I bought my first lathe in December. This my first project with it. It is a toothpick holder from a plan I found in Wood magazine. I glued cedar boards to make my blank. I have never used a lathe until I got mine.


----------



## CanuckGal (Nov 26, 2008)

Now that is a very nice first project. I am always amazed at the talent on this forum. Congrats!


----------



## gal turner (Mar 3, 2010)

real good for a first


----------



## Maurice (Sep 24, 2004)

Excellent, I made one a few years ago, it was a fun project.
this is a good start for things that will get better with experience.
Keep it up!!!


----------



## BernieW (Sep 12, 2006)

Looks mighty fine.

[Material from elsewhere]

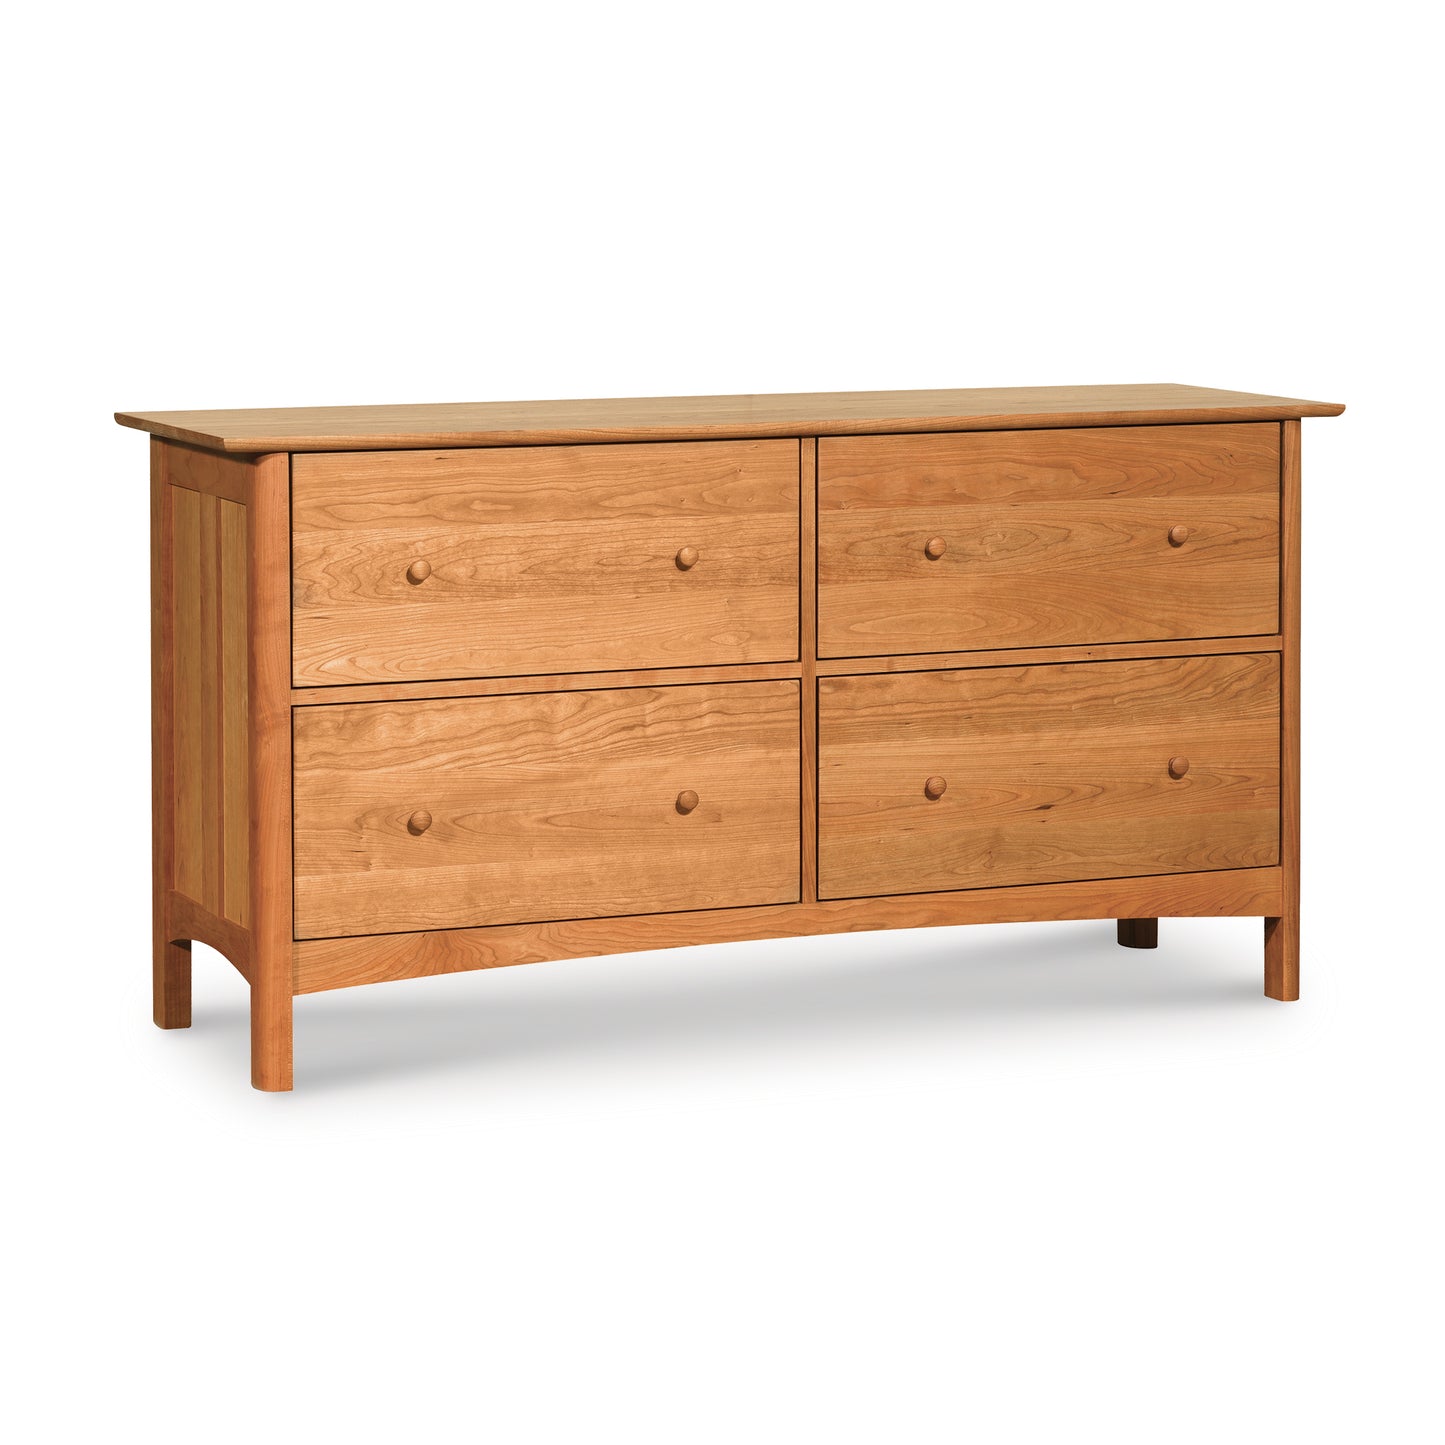 A wooden six-drawer dresser with a simple, Heartwood Shaker Style design on a white background.

I would date it, sign it and keep it to compare with down the road. I have my first one I made 4 yrs ago to go with the matching salt and pepper mills I turned. Keep'em coming.


----------



## crolf (May 28, 2006)

thanks for the complements, still trying to get the feel of the tools. I am thinking about a simple bowl next.


----------



## drasbell (Feb 6, 2009)

Very nice, dido on what Bernie said,, I have seen some improvement in myself from the first to now..


----------



## Dr.Zook (Sep 10, 2004)

Looks fine to me also. Especially for a first.


----------



## Mark (Aug 4, 2004)

First project?? Wow.. very nice result. Well done!


----------